US 11,861,459 B2
Automatic determination of suitable hyper-local data sources and features for modeling
Rajendra Rao, Los Gatos, CA (US); Rajesh Phillips, Bangalore (IN); Manisha Sharma Kohli, Subhash Nagar (IN); Puneet Sharma, Bangalore Karnata (IN); and Vijay Ekambaram, Chennai (IN)
Assigned to International Business Machines Corporation, Armonk, NY (US)
Filed by INTERNATIONAL BUSINESS MACHINES CORPORATION, Armonk, NY (US)
Filed on Jun. 11, 2019, as Appl. No. 16/437,477.
Prior Publication US 2020/0394551 A1, Dec. 17, 2020
Int. Cl.

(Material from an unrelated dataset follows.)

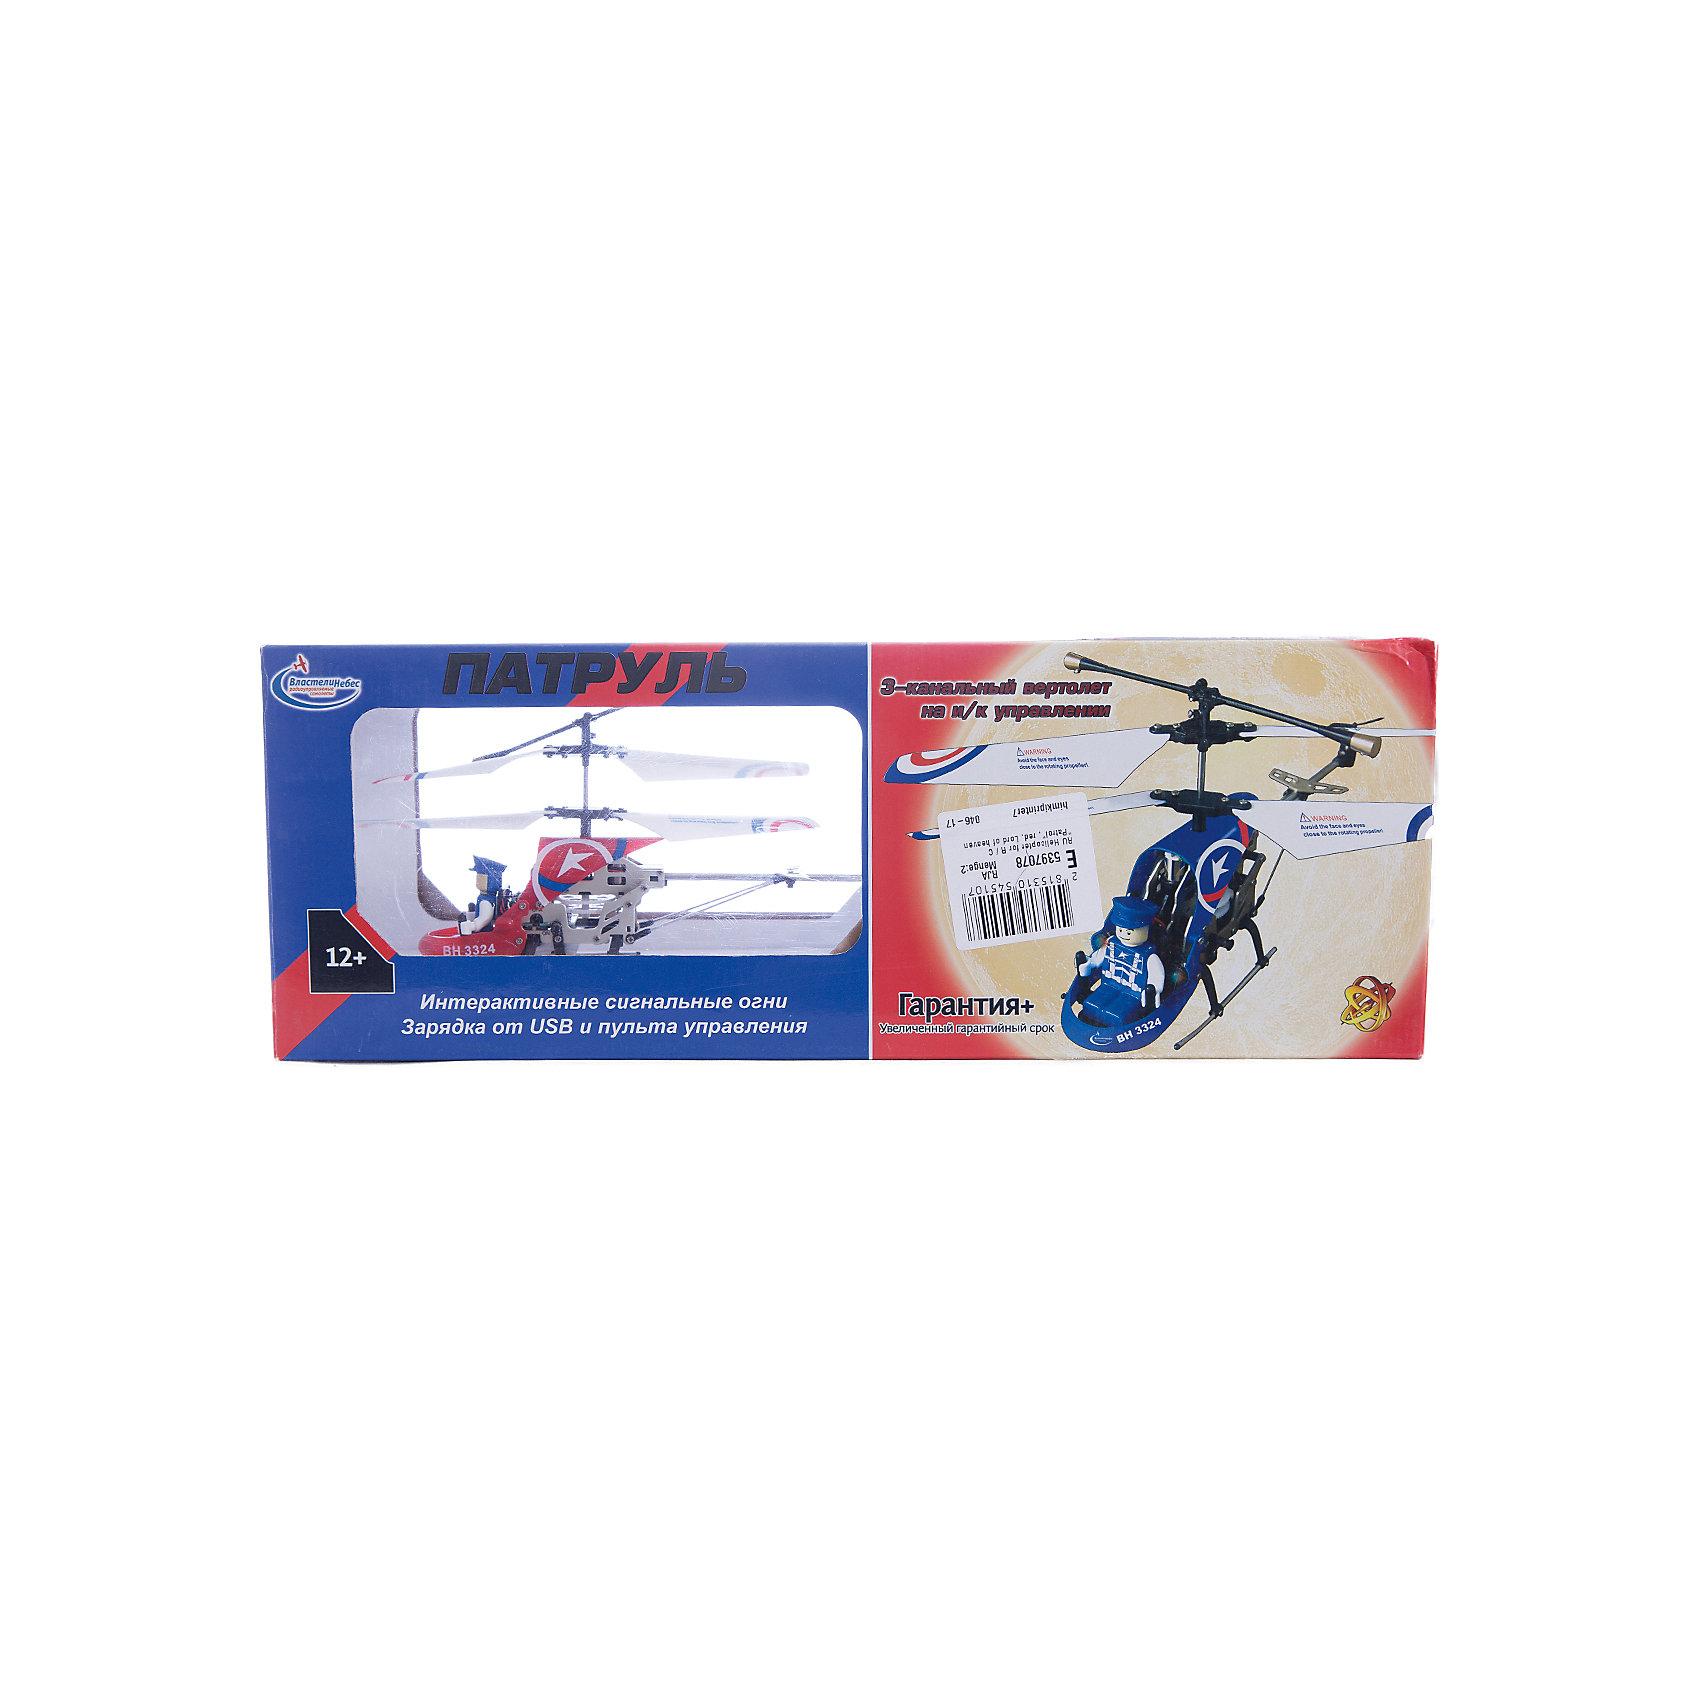 Вертолет на р/у Патруль, красный, Властелин небесРадиоуправляемый транспорт<br>Вертолет на р/у Патруль, красный, Властелин небес<br><br>Характеристики:<br><br>• вы можете управлять вертолетом на расстоянии до 10 метров<br>• вертолёт летает вверх, вниз, назад, вперёд, а также может зависать в воздухе и совершать повороты<br>• сигнальные огни позволяют совершать полеты в темное время суток<br>• заряжается с помощью USB кабеля<br>• размер вертолета: 21х5х9 см<br>• батарейки: АА - 6 шт. (не входят в комплект) <br>• размер упаковки: 39х14х10 см<br>• в комплекте: вертолет, пульт управления, USB кабель, две запасные лопасти, инструкция<br>• цвет: красный<br><br>Игрушки на радиоуправлении - мечта многих мальчишек. Вертолет от Властелин небес позволит вам осуществить мечту ребенка. Им можно управлять на расстоянии до 10 метров! Вертолет может летать вниз, вверх, в стороны, а также совершать захватывающие повороты и зависать в воздухе. Кроме того, вертолет оснащен светящимися сигнальными огнями, которые сделают игрушку заметной в темноте. За штурвалом находится пилот, в форме и фуражке в тон вертолета. Такой замечательный вертолет никогда не даст ребенку заскучать!<br><br>Игрушка заряжается с помощью USB кабеля, для работы необходимы батарейки АА (6 штук).<br><br>Вертолет на р/у Патруль, красный, Властелин небес можно купить в нашем интернет-магазине.<br><br>Ширина мм: 95<br>Глубина мм: 390<br>Высота мм: 140<br>Вес г: 540<br>Возраст от месяцев: 144<br>Возраст до месяцев: 2147483647<br>Пол: Мужской<br>Возраст: Детский<br>SKU: 5397078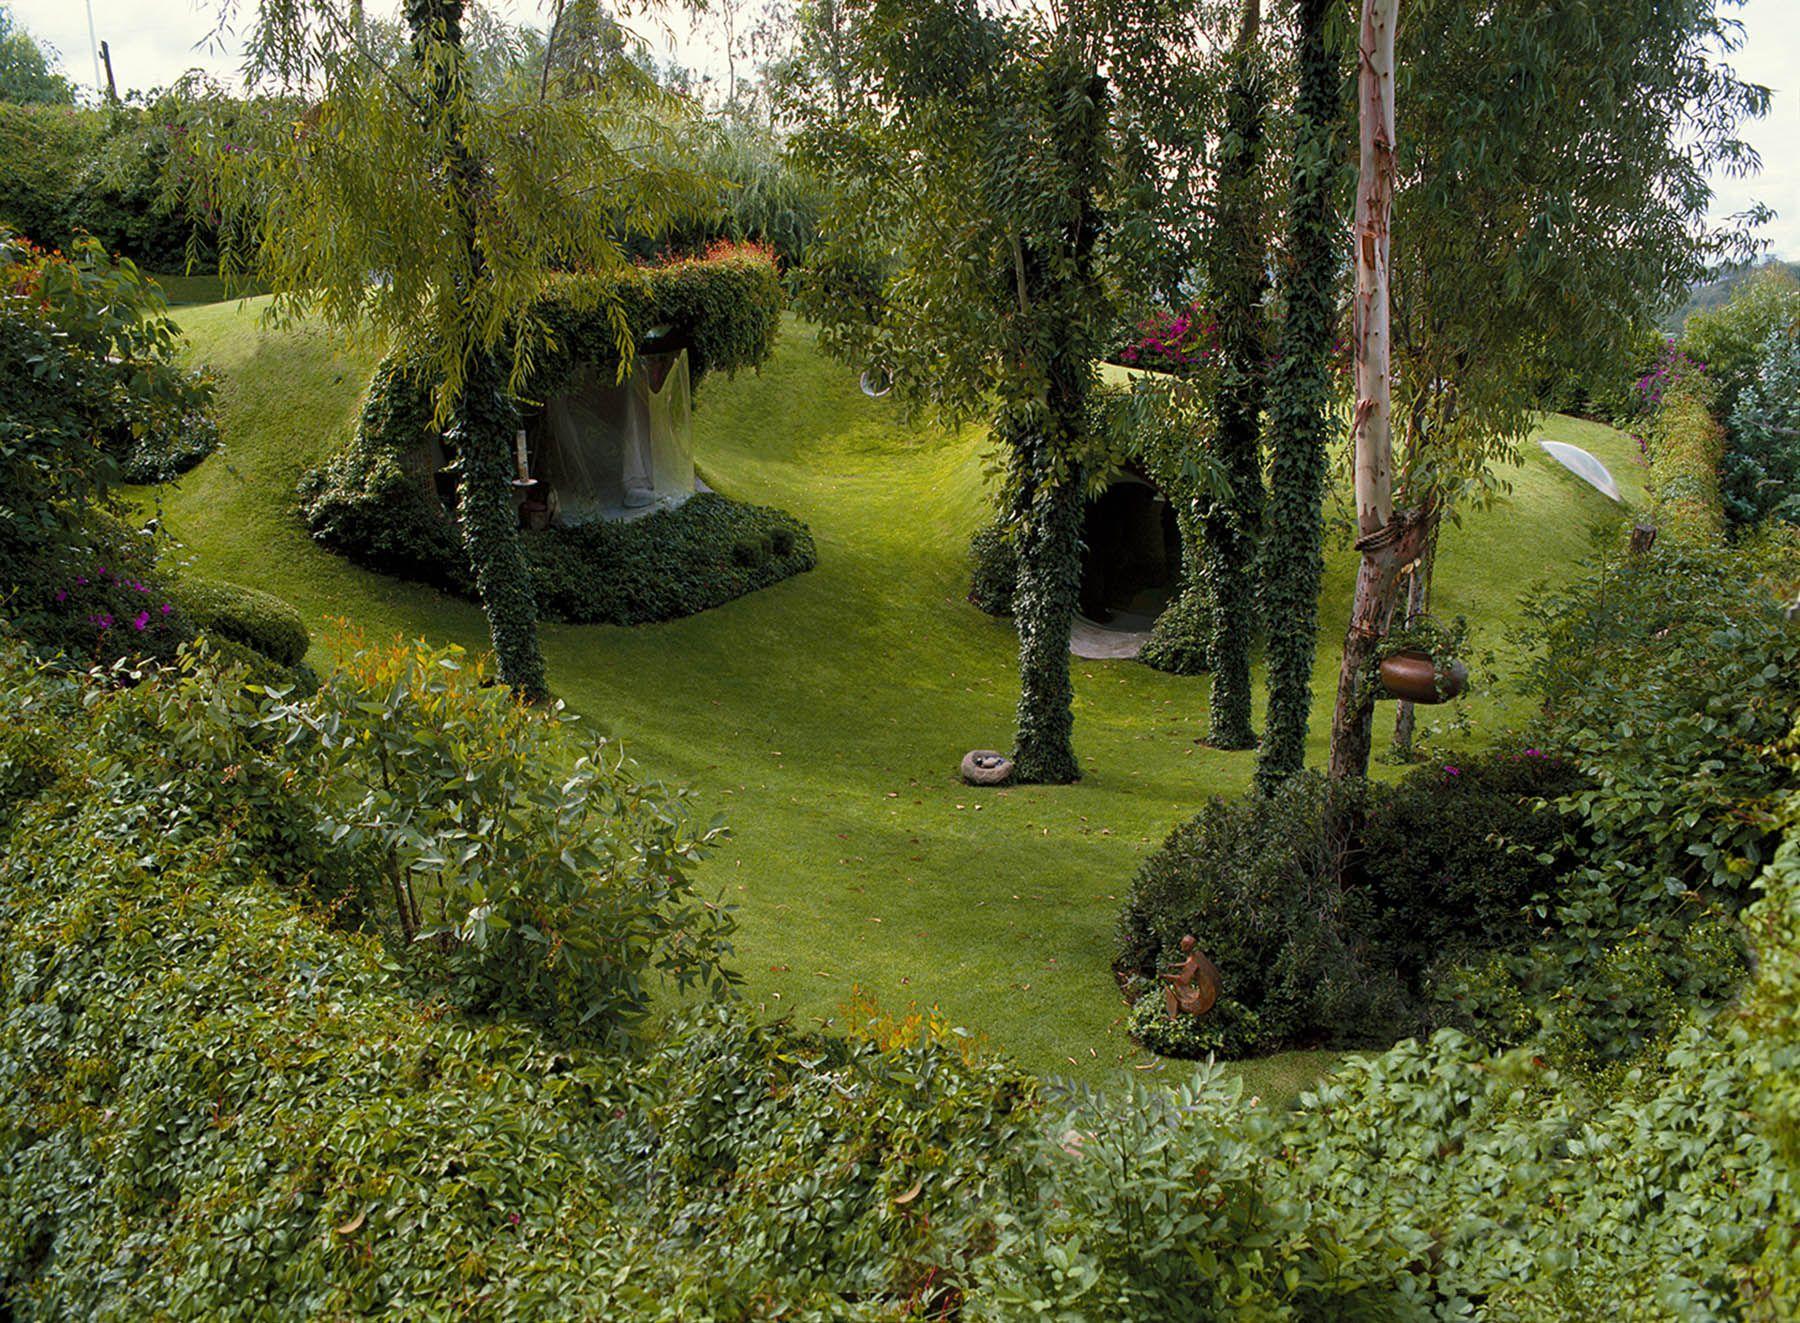 La casa orgánica de Javier Senosiain en México tiene un estilo surrealista y cuenta con pasajes laberínticos rodeados de naturaleza. ¡No dejes de conocerla!

G06N 5/022 (2023.01); G06N 5/04 (2023.01); G06N 20/00 (2019.01); G06F 21/62 (2013.01); G06F 16/901 (2019.01)
CPC G06N 20/00 (2019.01) [G06F 16/9024 (2019.01); G06F 21/6209 (2013.01); G06N 5/022 (2013.01); G06N 5/04 (2013.01)] 18 Claims
OG exemplary drawing
 
1. A computer-implemented method comprising:
responsive to training each model of a plurality of models using a software platform:
receiving, from a user associated with the model, client data, a use-case description comprising a user-input natural text description of an intended use-case of the model including an expected type of output from the model, and a selection of local data sources to be used in the model, wherein the local data sources are accessible by the software platform;
generating, based on the client data, a client data profile;
determining, for each feature of a plurality of features associated with the selected local data sources, a feature importance, wherein the feature importance indicates an impact that feature had on each of the plurality of models;
generating, based on the use-case description, a use-case profile comprising a vector embedding encoding the respective user-input natural text description;
generating, based on a plurality of determined client data profiles, a plurality of determined feature importances associated with features associated with local data sources, and a plurality of determined use-case profiles, a feature profile relation graph comprising a plurality of client data profile nodes, a plurality of local feature nodes and a plurality of use-case profile nodes, wherein each local feature node of the plurality of local feature nodes is associated with one or more client data profile nodes and one or more user-case profile nodes by a respective edge having an associated edge weight, wherein a given edge is assigned an edge weight that represents a strength of relationship between the respective local feature node and one of the client data profile nodes and the user-case profile nodes;
responsive to receiving a new client data set and a new use-case description comprising a new user-input natural text description of a new intended use-case, determining, based on the new client data set, the new use-case description and the feature profile relation graph, one or more local features as suggested local features for use in building a new model; and
automatically initiating training of the new model based on the new client data set and the suggested local features.